== TASK OBJECTIVE ==
In this exercise, the entries below include pictures. Repeat exactly the lines from the line with "Mae West: It's" to the line with "Willy Wonder –", including both, but without the pictures.

DATA TO USE: Begin

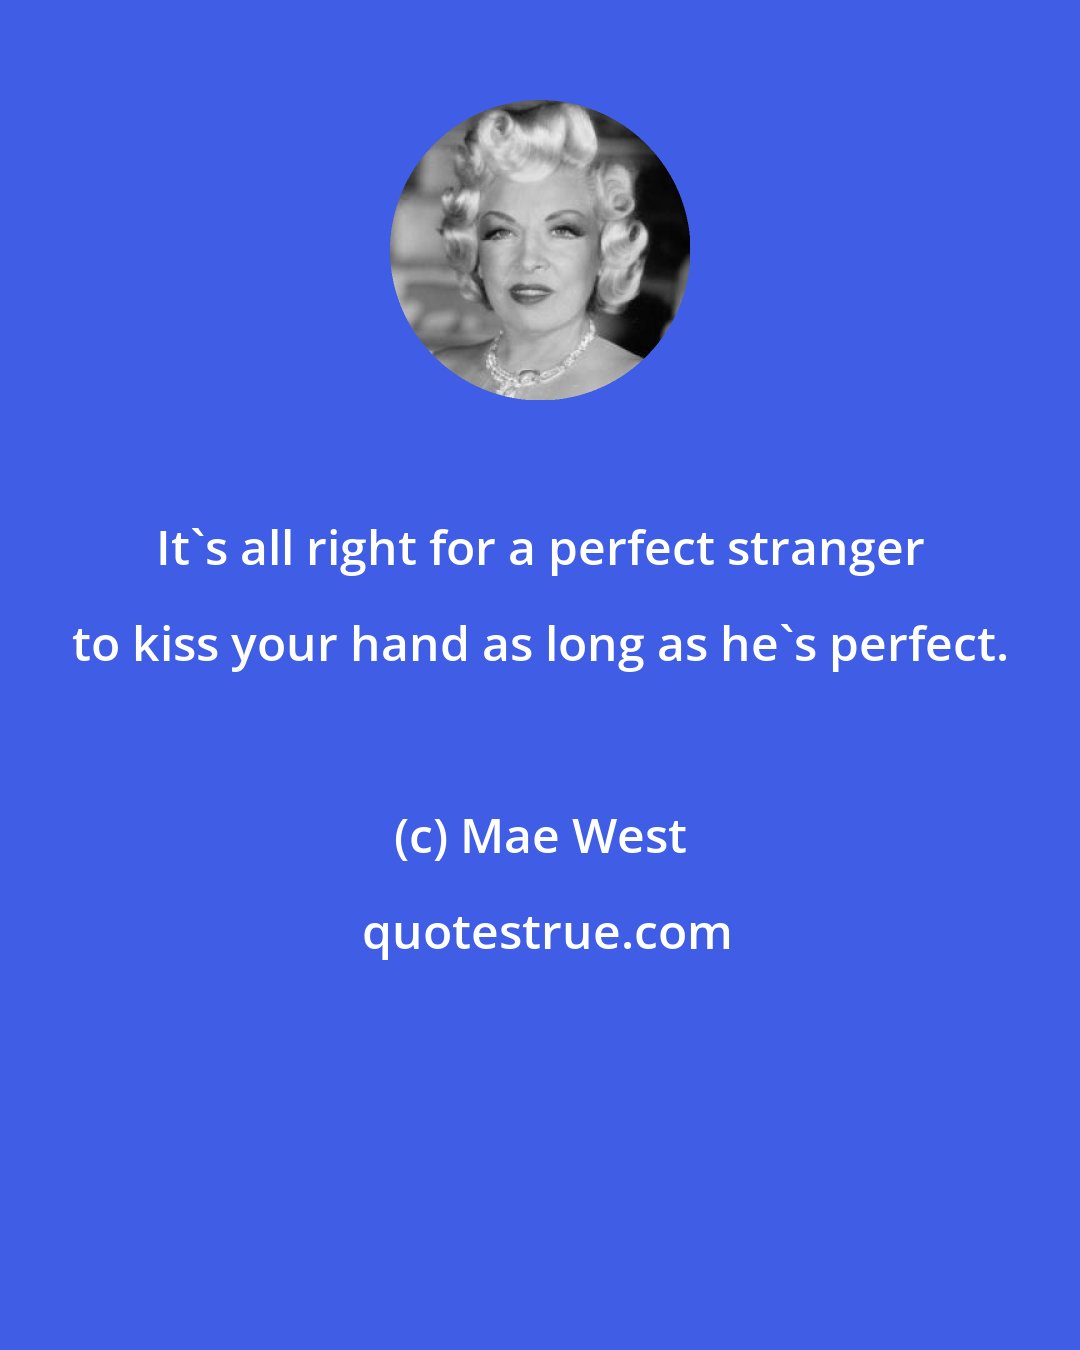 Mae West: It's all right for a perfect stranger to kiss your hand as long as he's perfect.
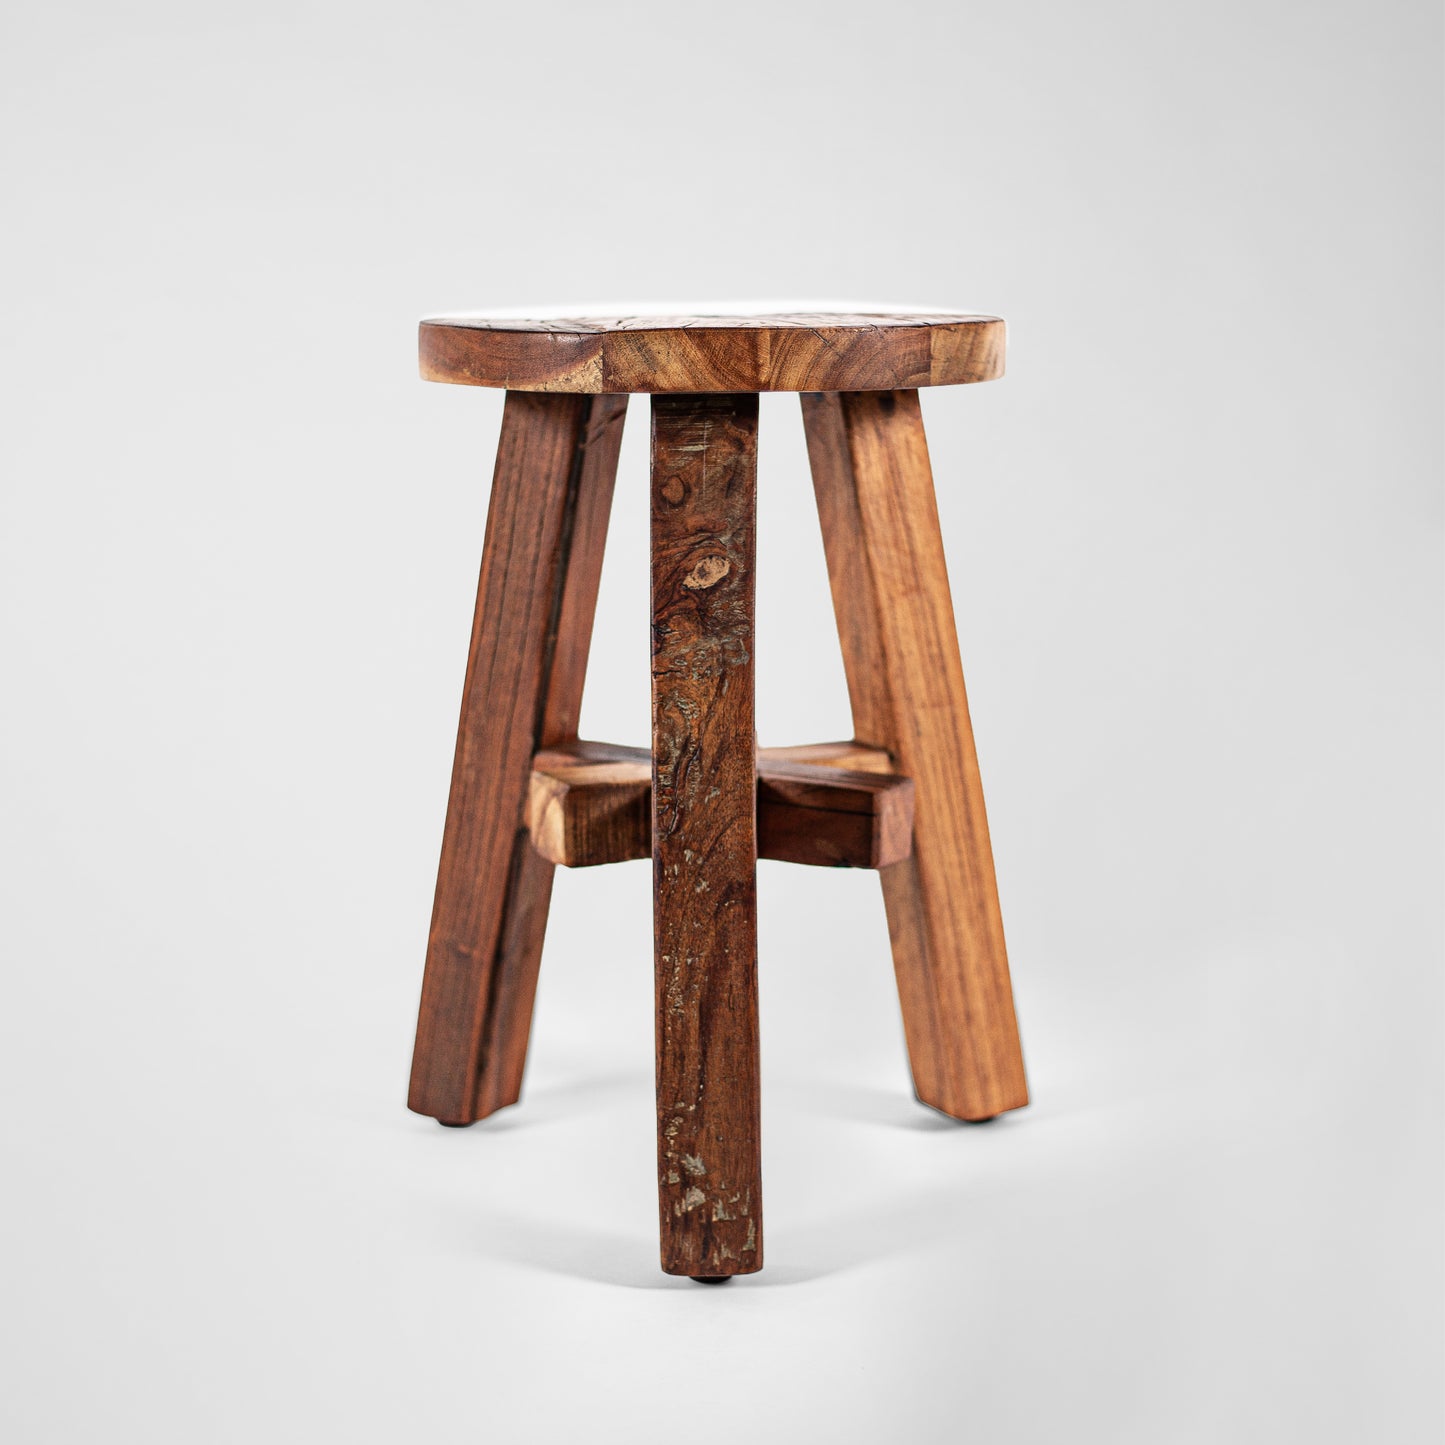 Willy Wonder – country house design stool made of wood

DATA TO USE: End
DATA TO USE: Begin

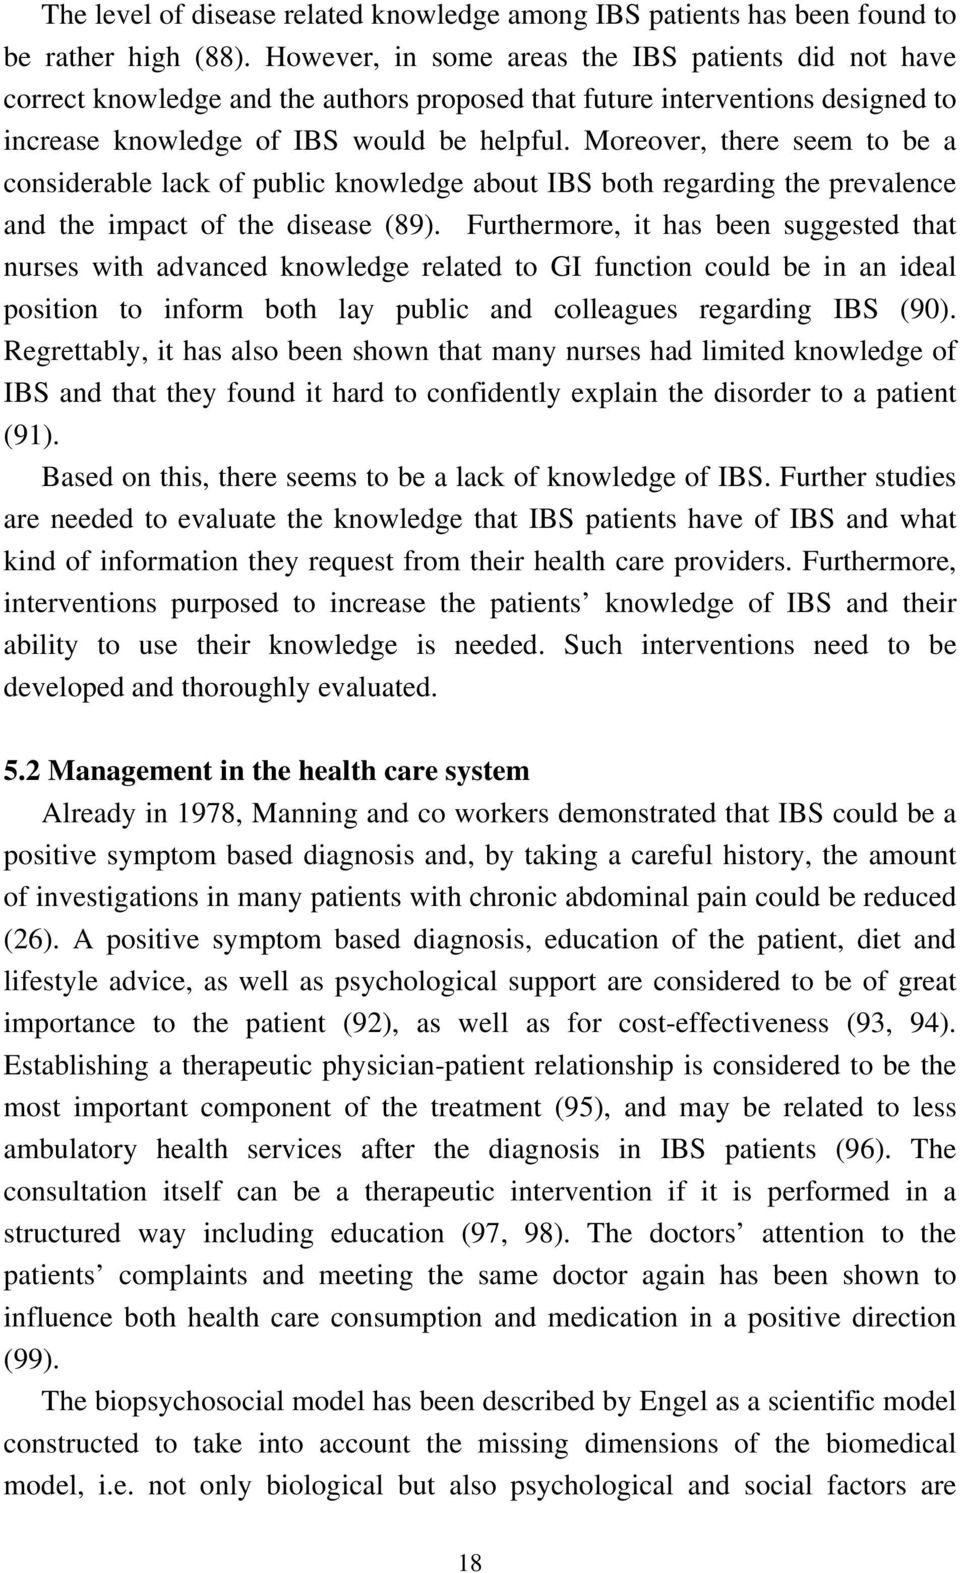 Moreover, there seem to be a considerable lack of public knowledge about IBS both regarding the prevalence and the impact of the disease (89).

DATA TO USE: End
DATA TO USE: Begin

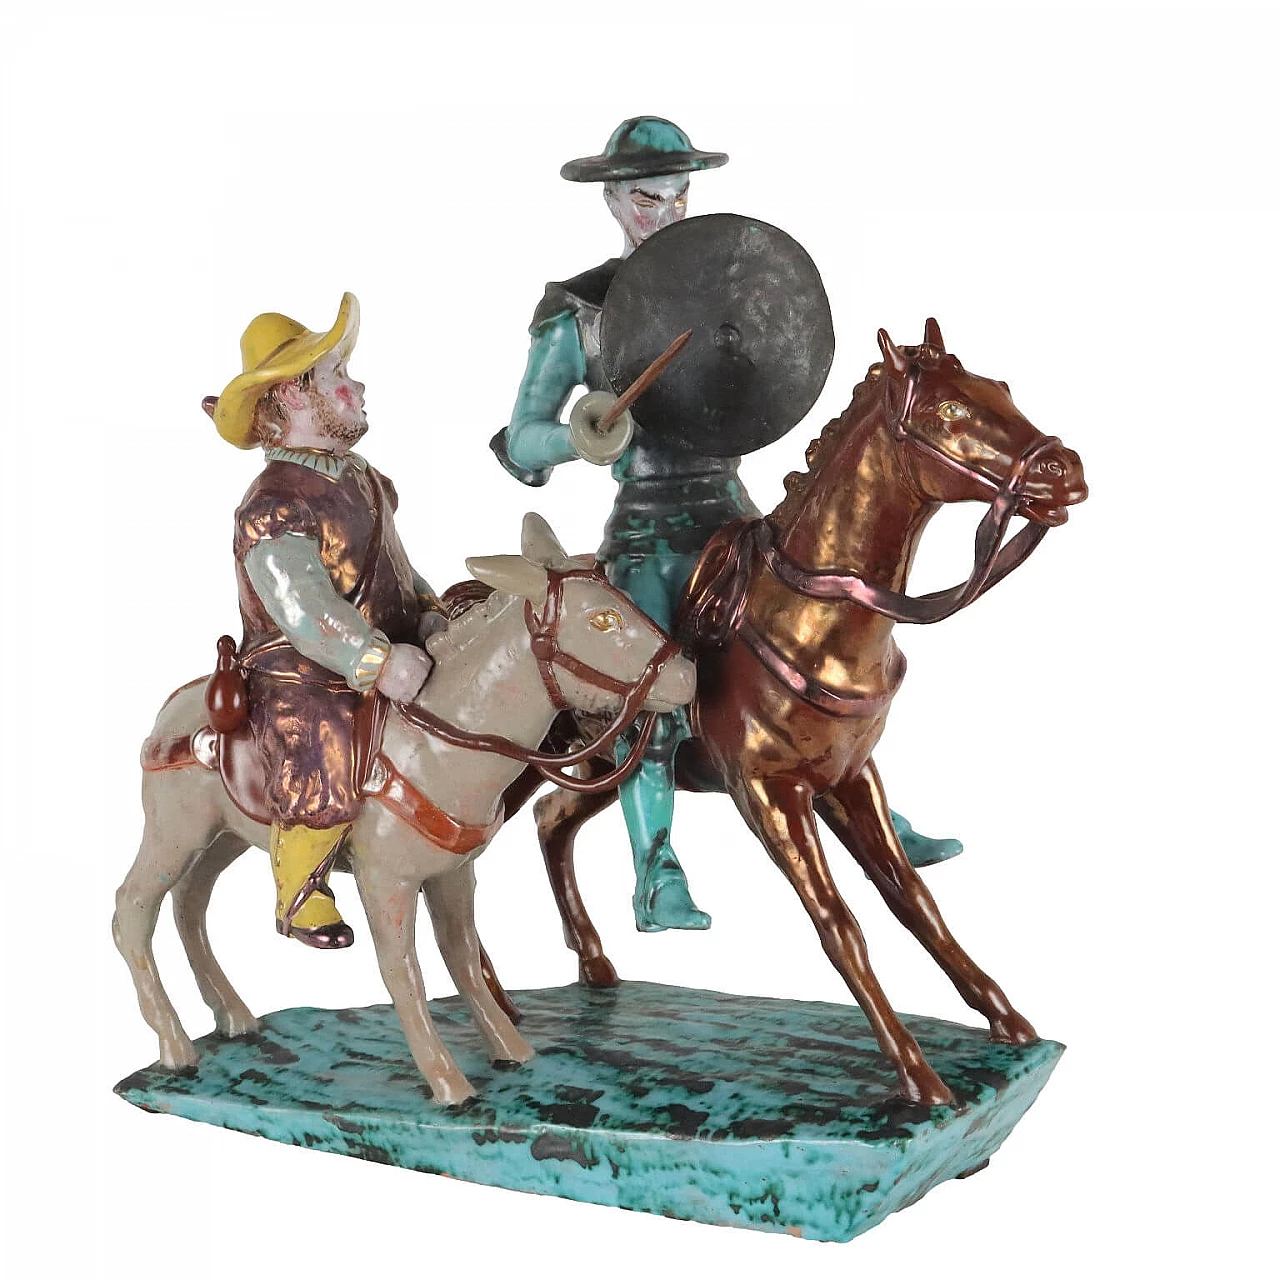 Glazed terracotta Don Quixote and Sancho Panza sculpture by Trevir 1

DATA TO USE: End

== SOLUTION BELOW ==
 Mae West: It's all right for a perfect stranger to kiss your hand as long as he's perfect.
 Willy Wonder – country house design stool made of wood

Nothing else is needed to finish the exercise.